Booker was well known in Des Moines, where he eventually settled, as he published many health articles in the Journal of Iowa State Medical Society and wrote a health column in the local African American publication, Iowa Bystander. One of the articles he wrote was one published in 1915, regarding bronchopneumonia in children, which he saw was a growing concern. Booker also made occasional speeches at the African Methodist Episcopal Church on disease prevention, particularly on tuberculosis. Many physicians in Iowa, including Dr. Booker, believed that tuberculosis had a large chance of making a comeback, as the Iowa State Medical Society in 1915 calculated 145 cases appeared per 100,000 persons.

==Military service==
Eager to take part in the new war in Europe, Booker volunteered for the Iowa National Guard, which was one of the first dispatches to be sent to France in World War I. However, much to his disappointment, he was rejected because of his race. However this did not deter him, as through the next year he sought to recruit African-American men for the war and became well known for how articulately he could speak to a crowd. Near his home, a new camp was erected for World War I volunteers called Fort Des Moines. It had been opened for training African-American men as there had been a huge influx of African-American volunteers and a petition was erected by the students of Howard University. However, there was still some discontent at the facility as many soldiers found that they had been unfairly assessed for merely being black. At the age of 36, Booker volunteered for the Army Medical Corps and once accepted was made a first lieutenant.

Like the majority of the African-American recruits, Booker was sent for basic training at Fort Des Moines Provisional Army Officer Training School. After about two months of training, Booker was assigned to the 365th Infantry Regiment which was part of the 92nd Division's 183rd infantry Brigade, which was under the command of Brigadier General Malvern Hill Barnum.

Before arriving in Europe, Booker spent additional training with his unit at Camp Grant in Illinois. In 1917, Booker and many African-American men were sent to France. Exhausted from facing aggressive German assaults, the French leadership had requested American reinforcements for months. Not wanting to deal with the African-American soldiers, General Pershing sent the 92nd Division to assist.

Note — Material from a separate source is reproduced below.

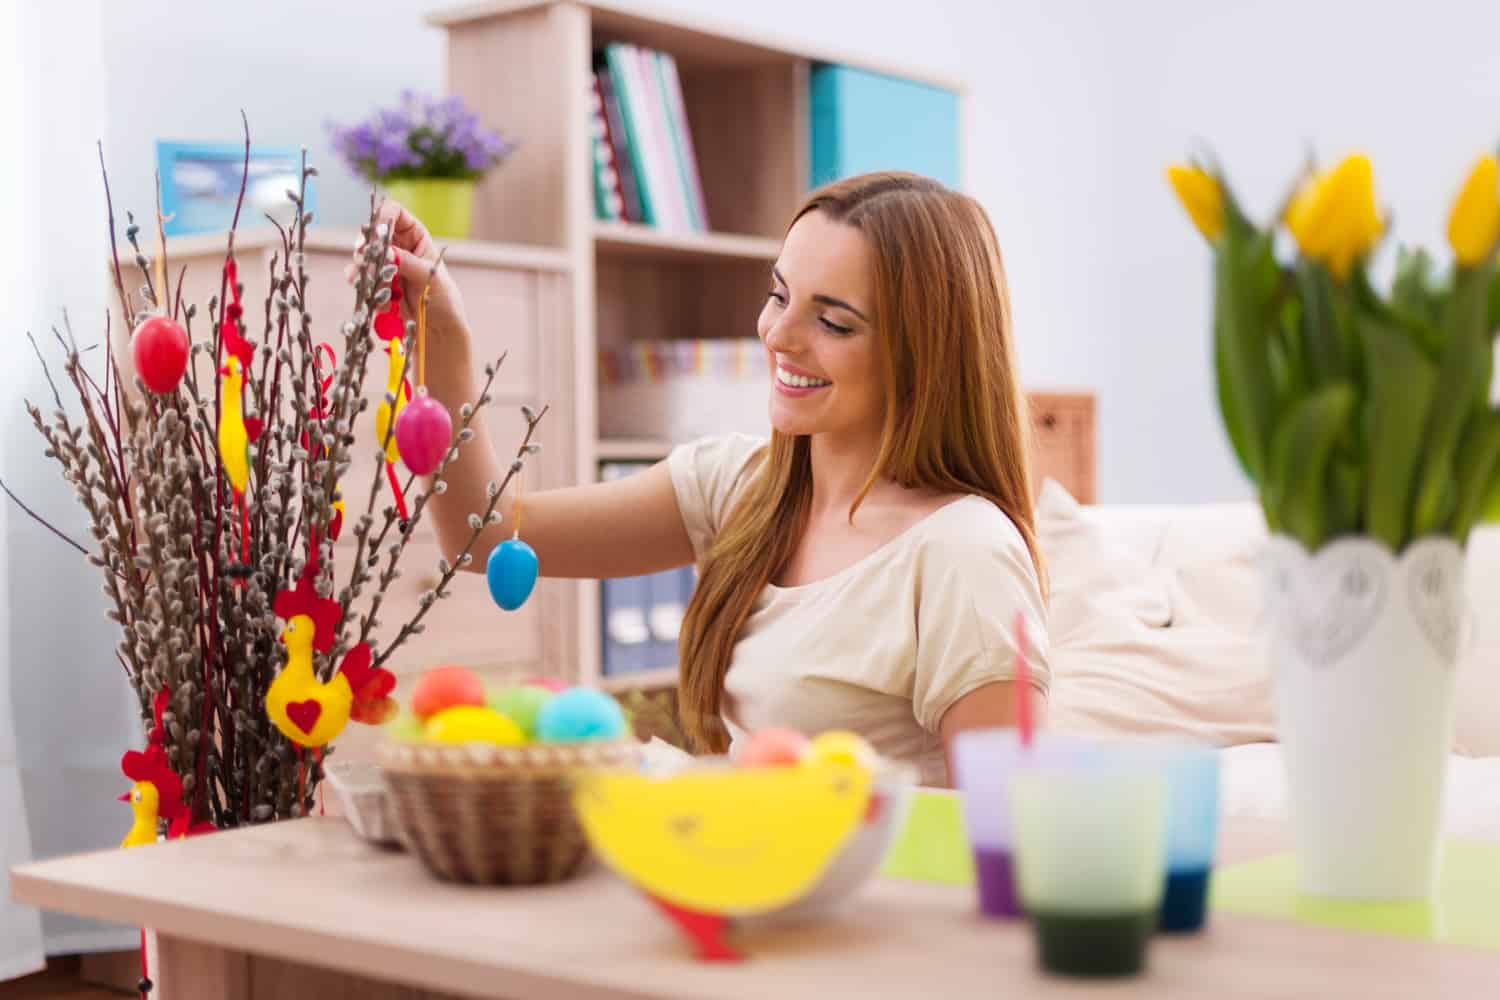 How to decorate your home for Easter?

At the arrival of Booker, the Spanish influenza had already taken the lives of many soldiers and an epidemic was spreading. The majority of Lieutenant Booker's service was spent aiding the ailing men who were suffering from influenza or other illnesses associated with months of living and fighting in the trenches, and the harsh winter that followed.

==Career==
After the war, Booker returned to his wife in Des Moines and continued his practice. He later chaired the Health Bureau of Negro Business Men's League and lectured on healthy living.

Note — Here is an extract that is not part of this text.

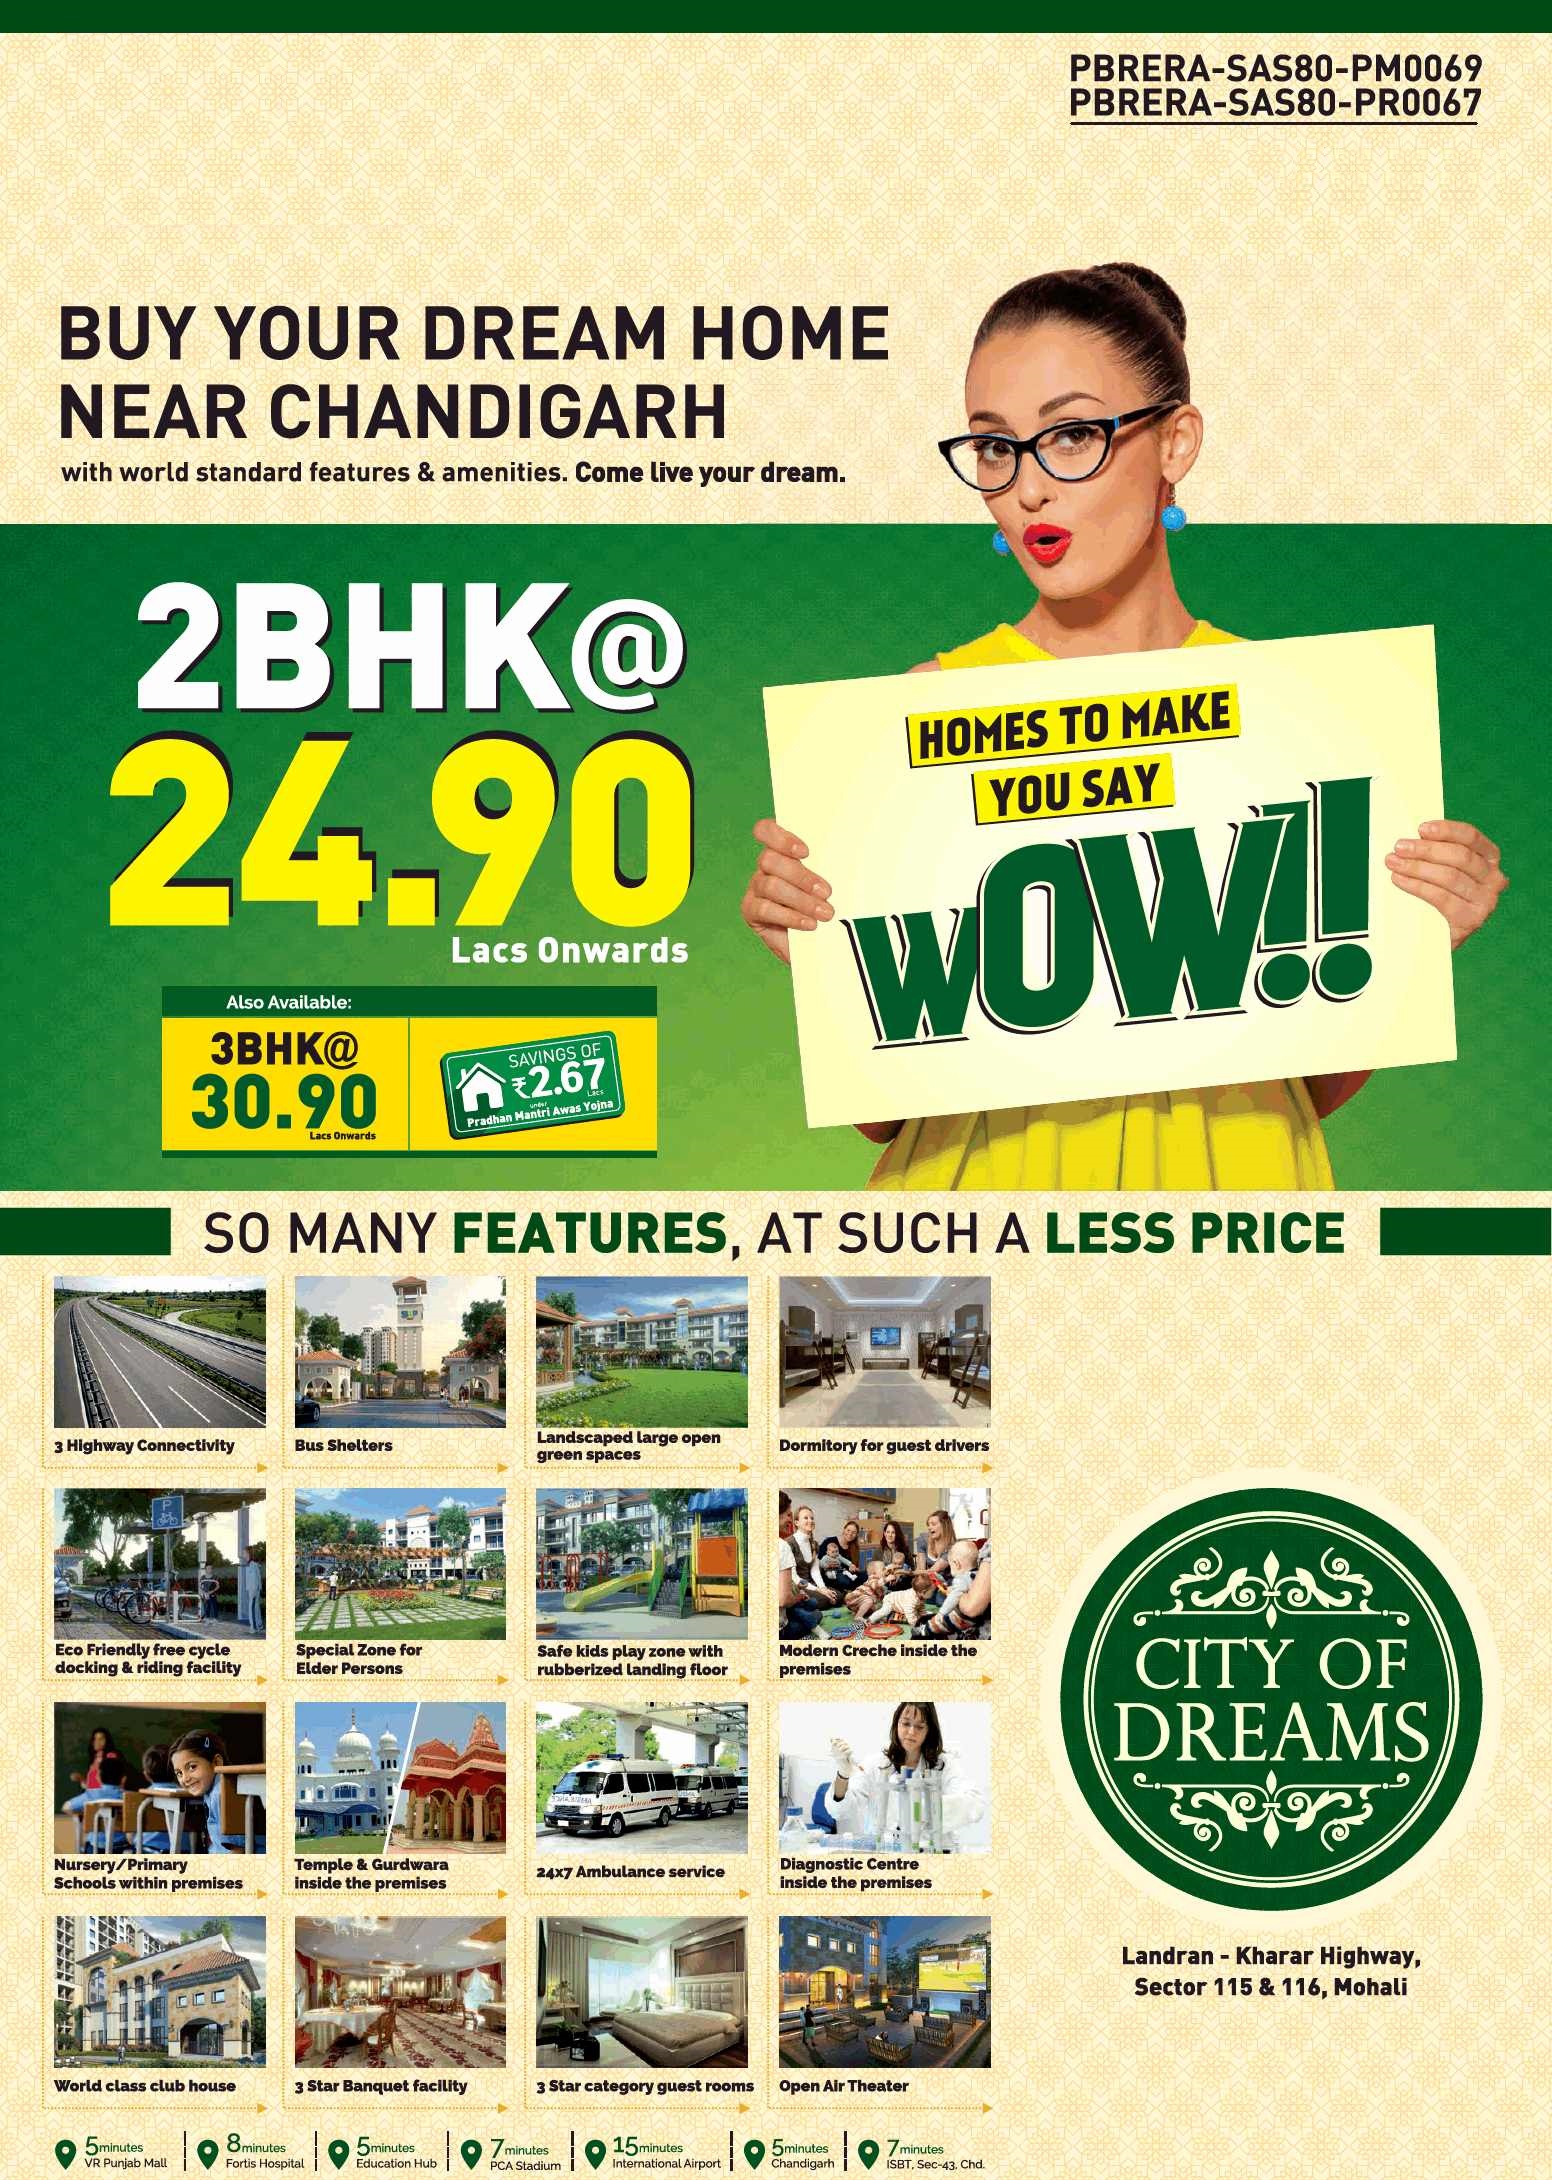 Book your dream home with worlds standard features & amenities at SBP City of Dreams in Mohali Update

In the 1920s, there was a large influx of African Americans moving to California for better job opportunities, and the Bookers were amongst them. Dr. Booker took a position as a surgeon in Los Angeles, California. Along with his job, he also a member of the Howard Drew Medical Association. Booker was a community organizer, participating and leading many events for African Americans. When Jesse Owens came to Los Angeles in 1935, Booker was one of the community leaders that welcomed him.

Booker dabbled in politics as he was listed as a lifetime member of the American Legion and the NAACP.

==Personal life==
Booker married Naomi Coalston. They did not have any children.

==Death==
Booker died on August 25, 1957, at Good Samaritan Hospital. He was survived by his wife. He was buried in Rosedale Cemetery.